WHAT YOU ARE ASKED TO DO
Emit a verbatim copy of the lines below from the line with "57d7d0554869 Мужская сумка" through the line with "1990 Alfa Romeo Duetto 2000 IV Serie 79775", excluding pictures and everything outside that range.

THE INPUT
•••••

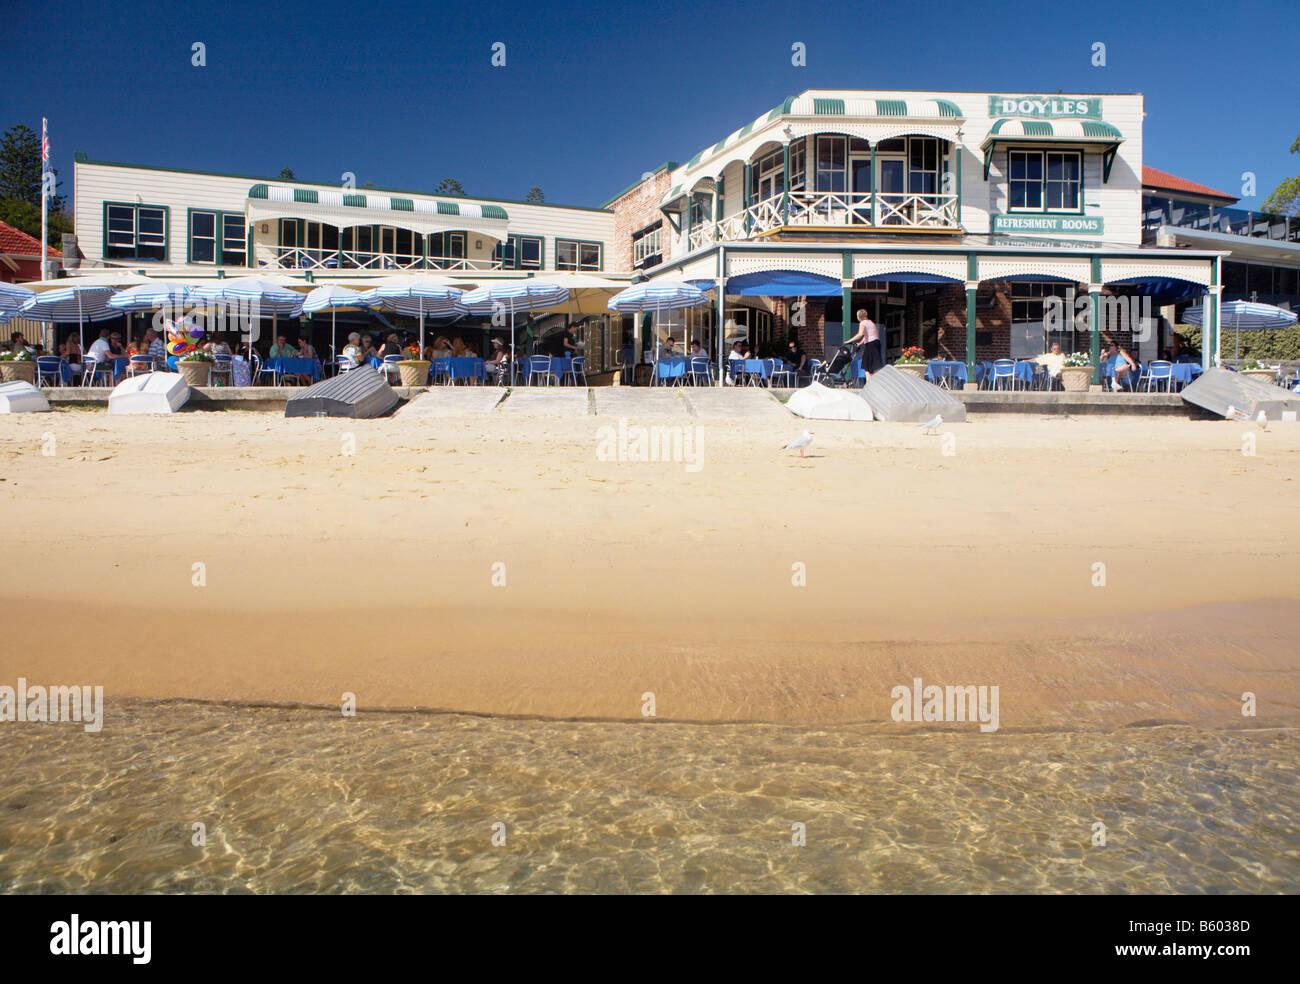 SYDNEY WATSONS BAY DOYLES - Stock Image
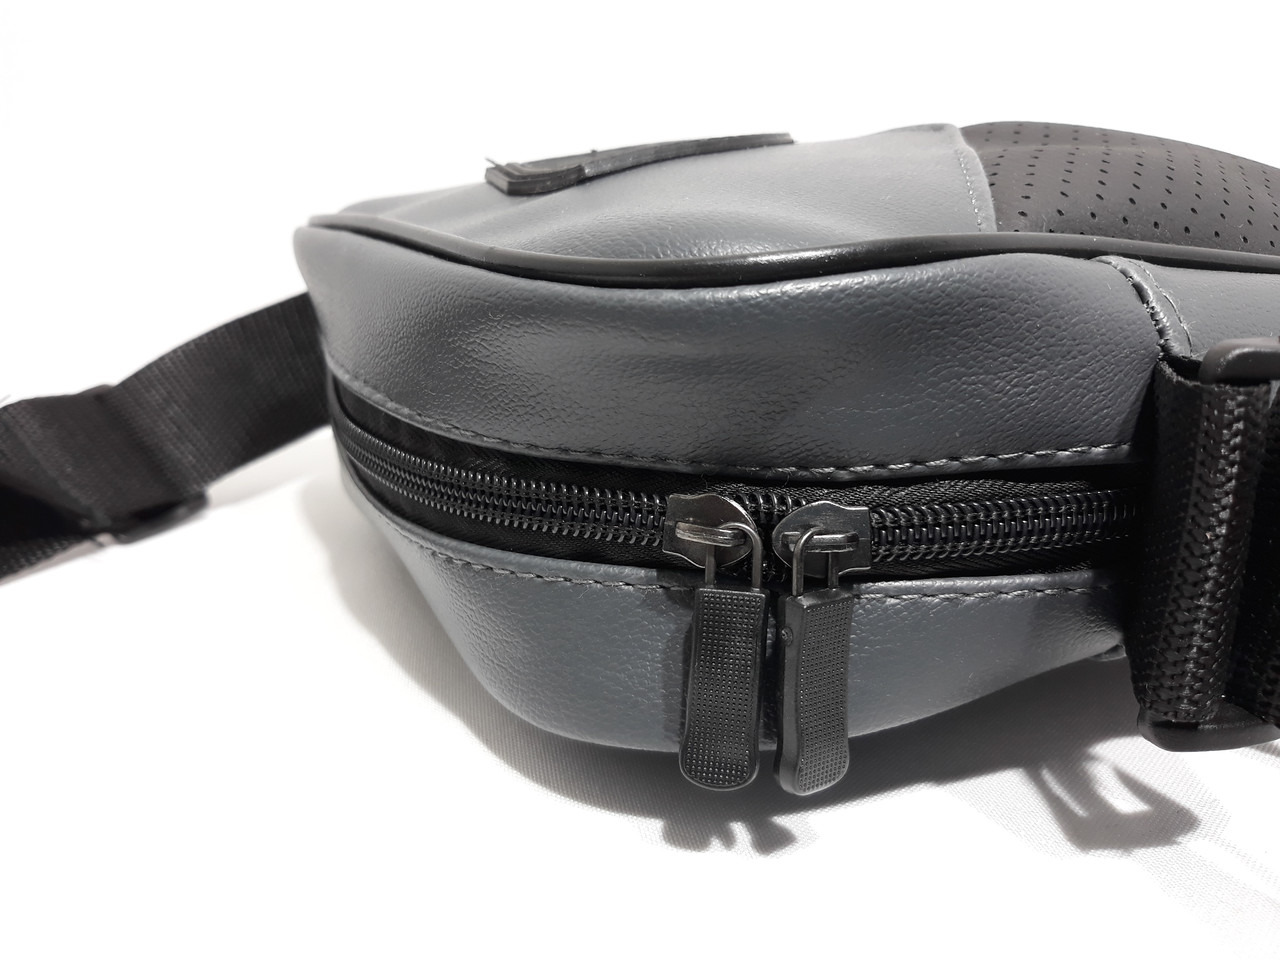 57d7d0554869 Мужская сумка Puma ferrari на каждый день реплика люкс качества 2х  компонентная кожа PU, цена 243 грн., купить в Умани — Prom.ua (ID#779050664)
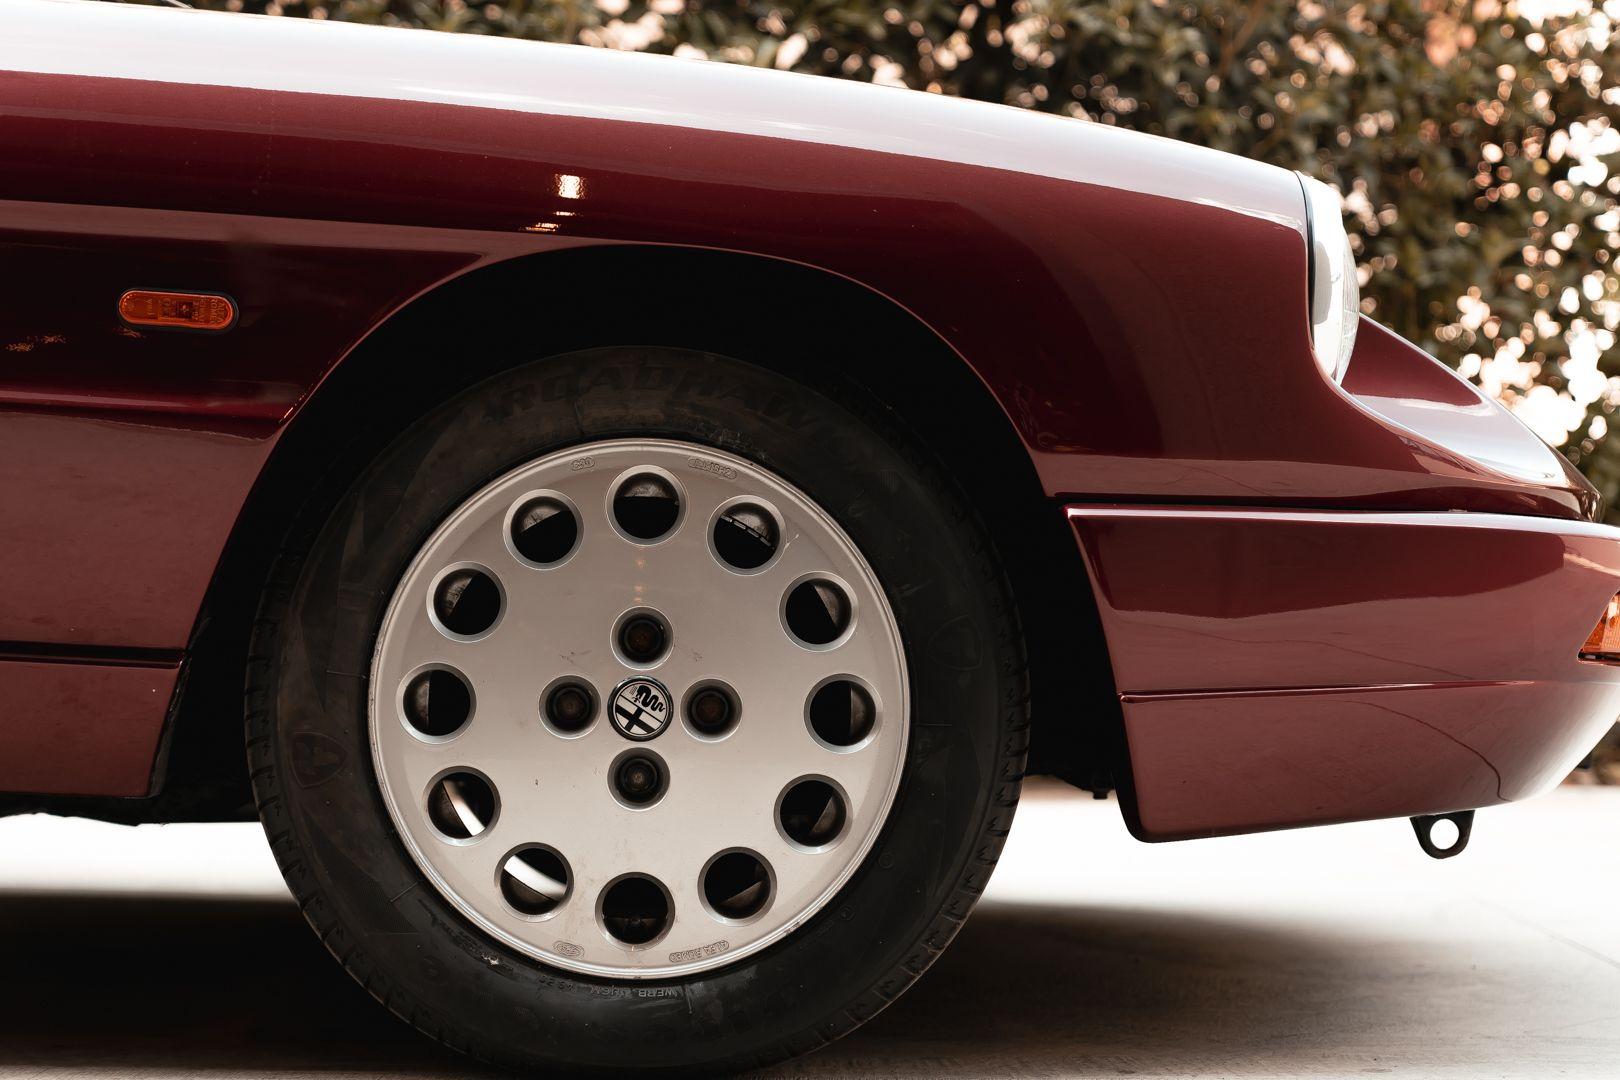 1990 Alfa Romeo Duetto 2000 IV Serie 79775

•••••

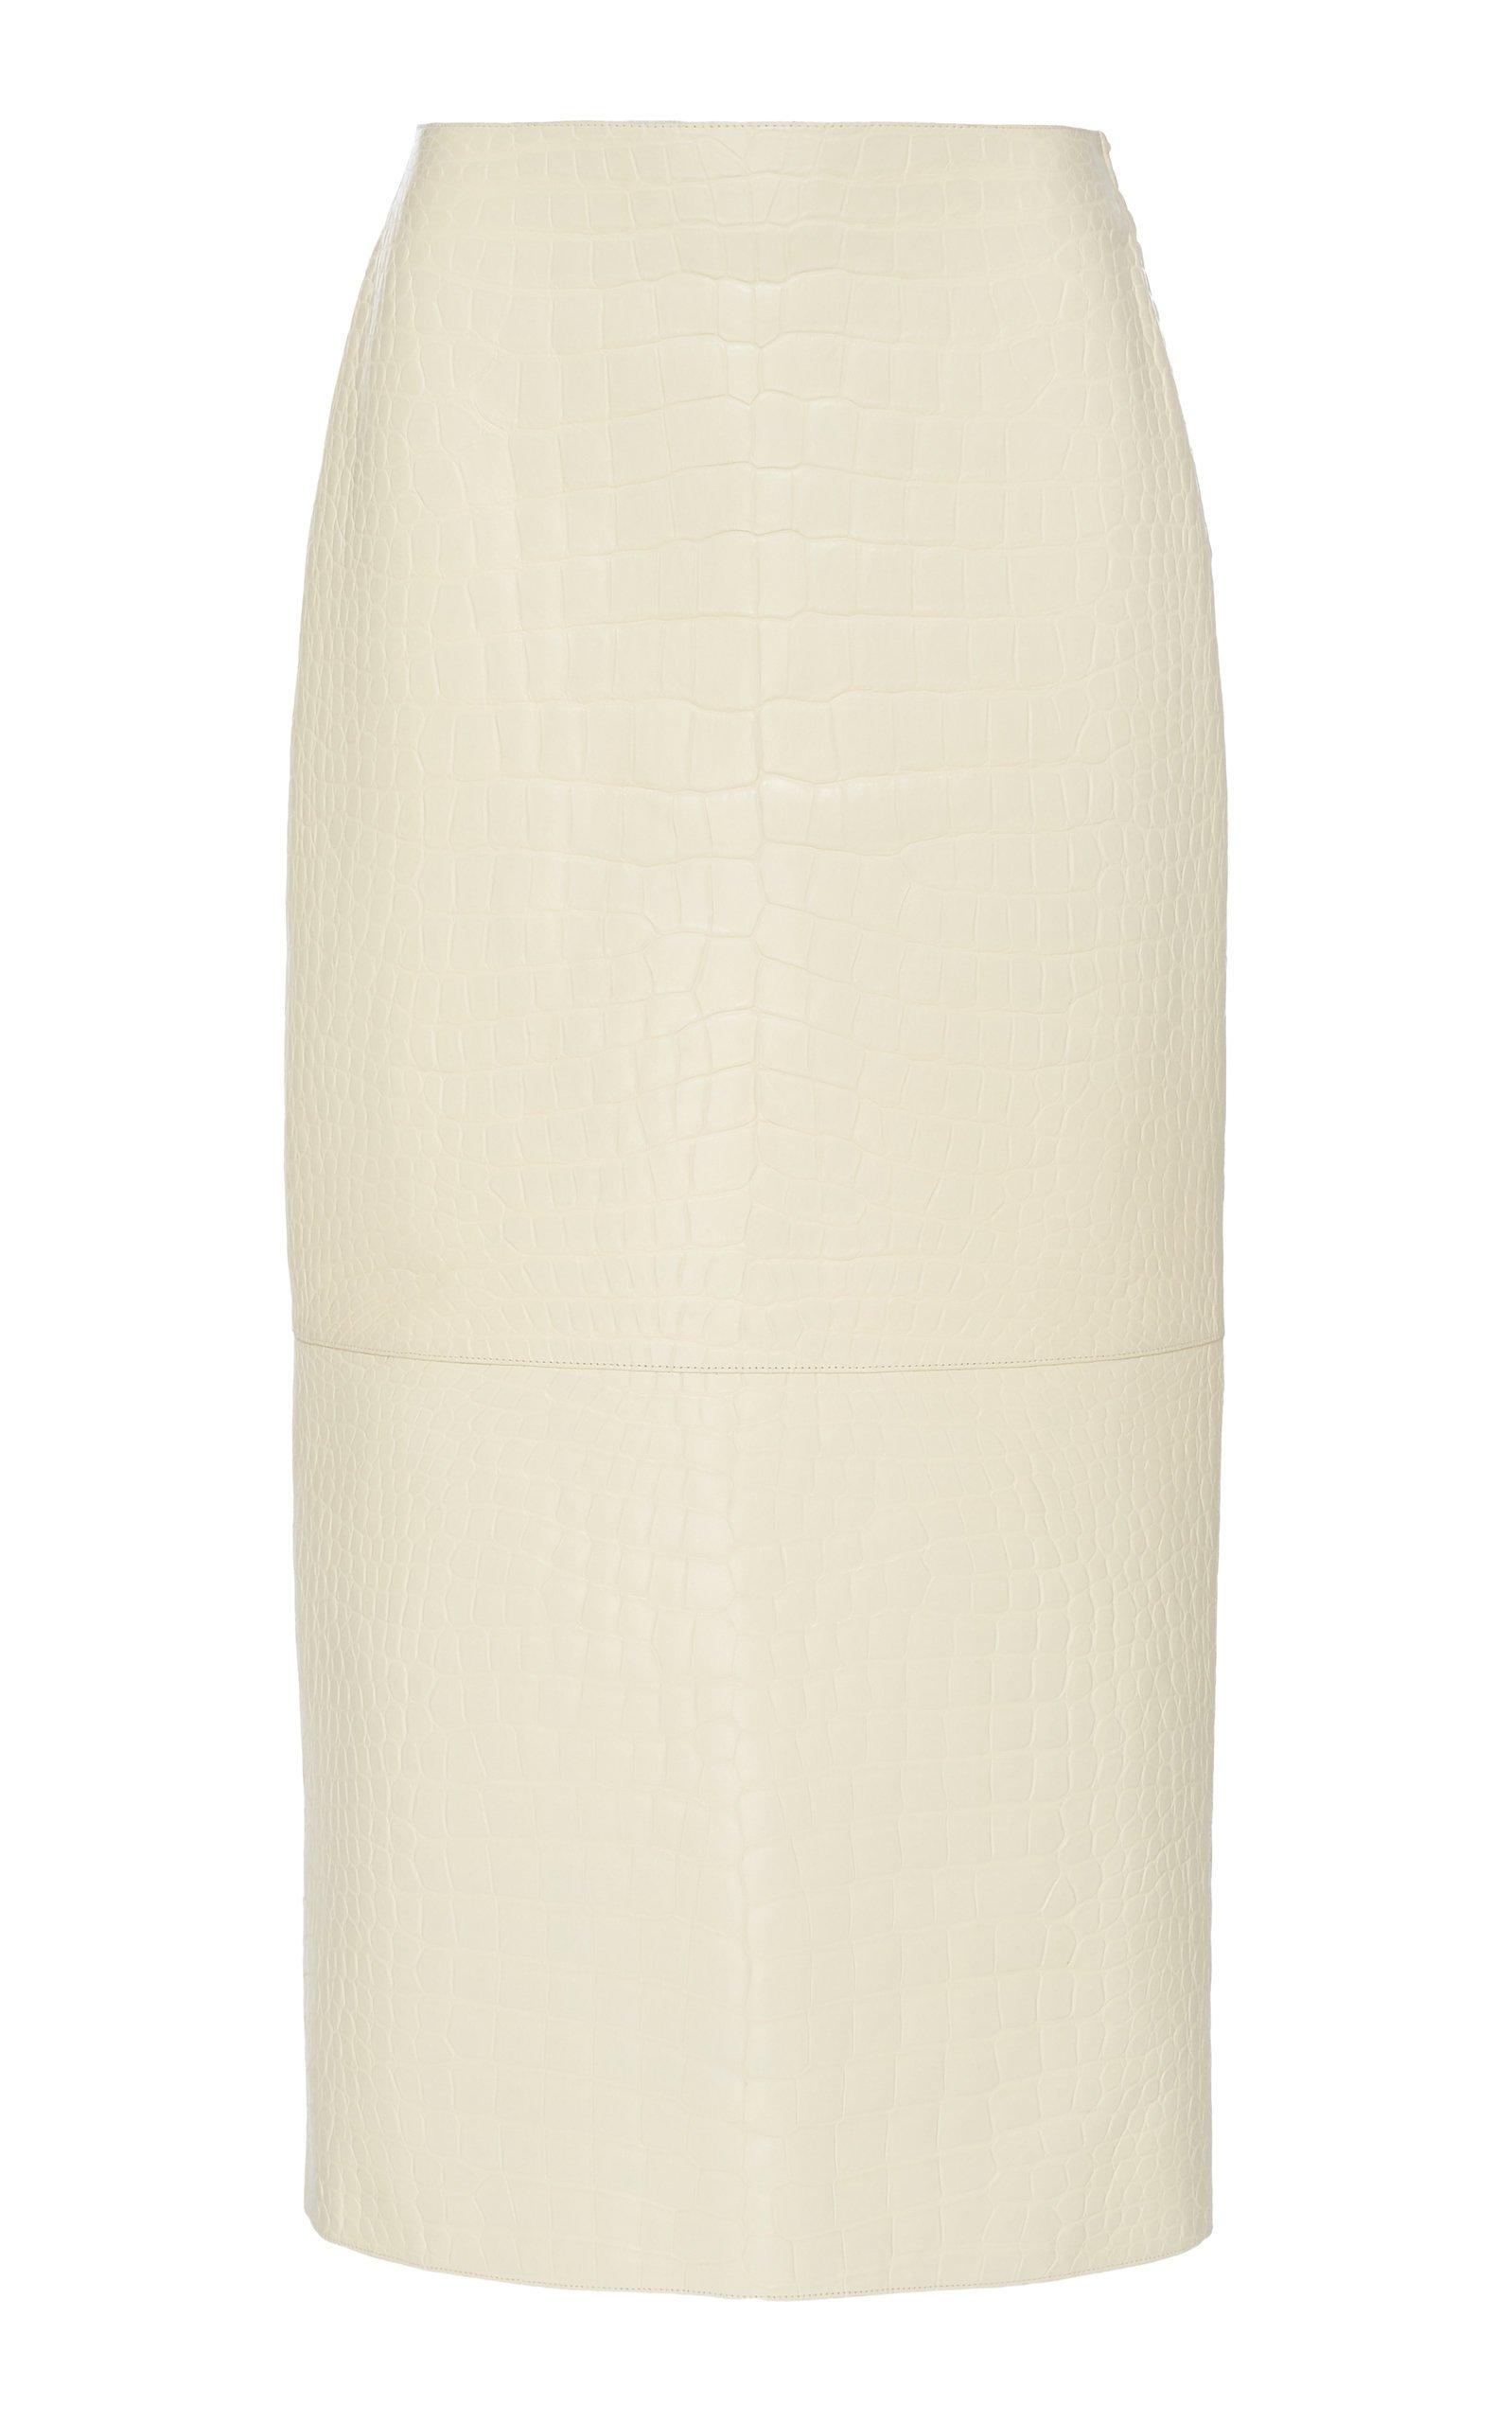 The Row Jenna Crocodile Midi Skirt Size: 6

•••••

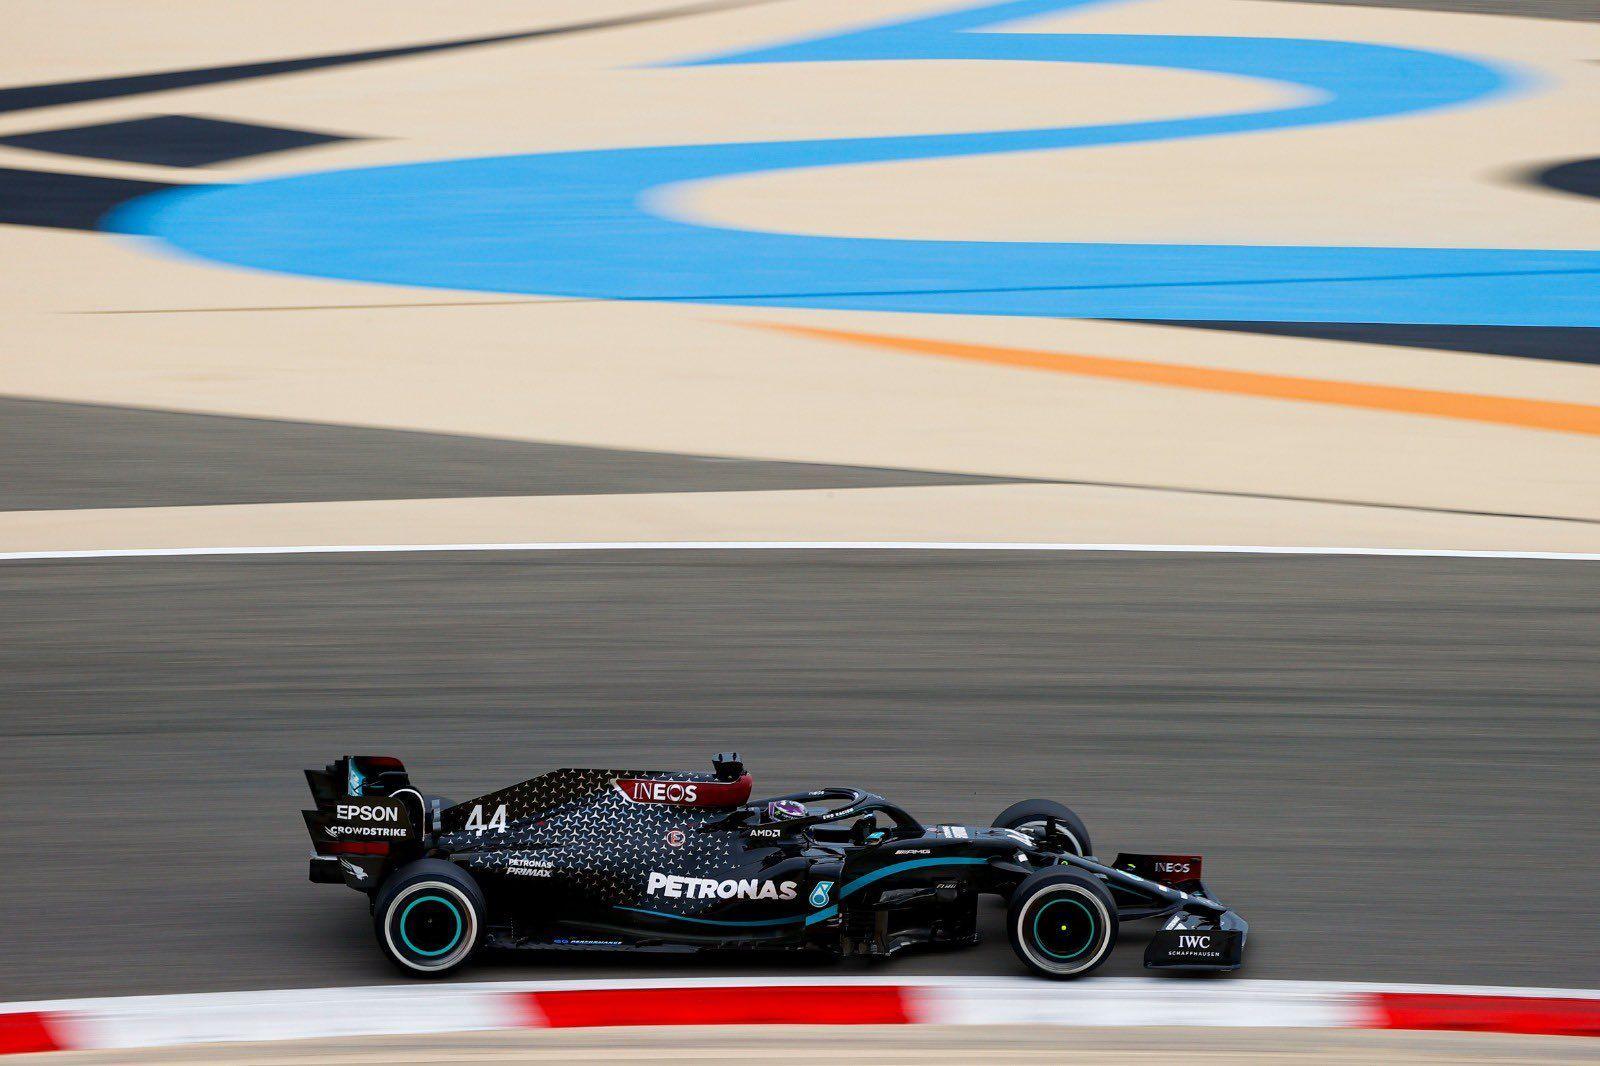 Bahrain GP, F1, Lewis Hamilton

•••••

SOLUTION
 57d7d0554869 Мужская сумка Puma ferrari на каждый день реплика люкс качества 2х  компонентная кожа PU, цена 243 грн., купить в Умани — Prom.ua (ID#779050664)
 1990 Alfa Romeo Duetto 2000 IV Serie 79775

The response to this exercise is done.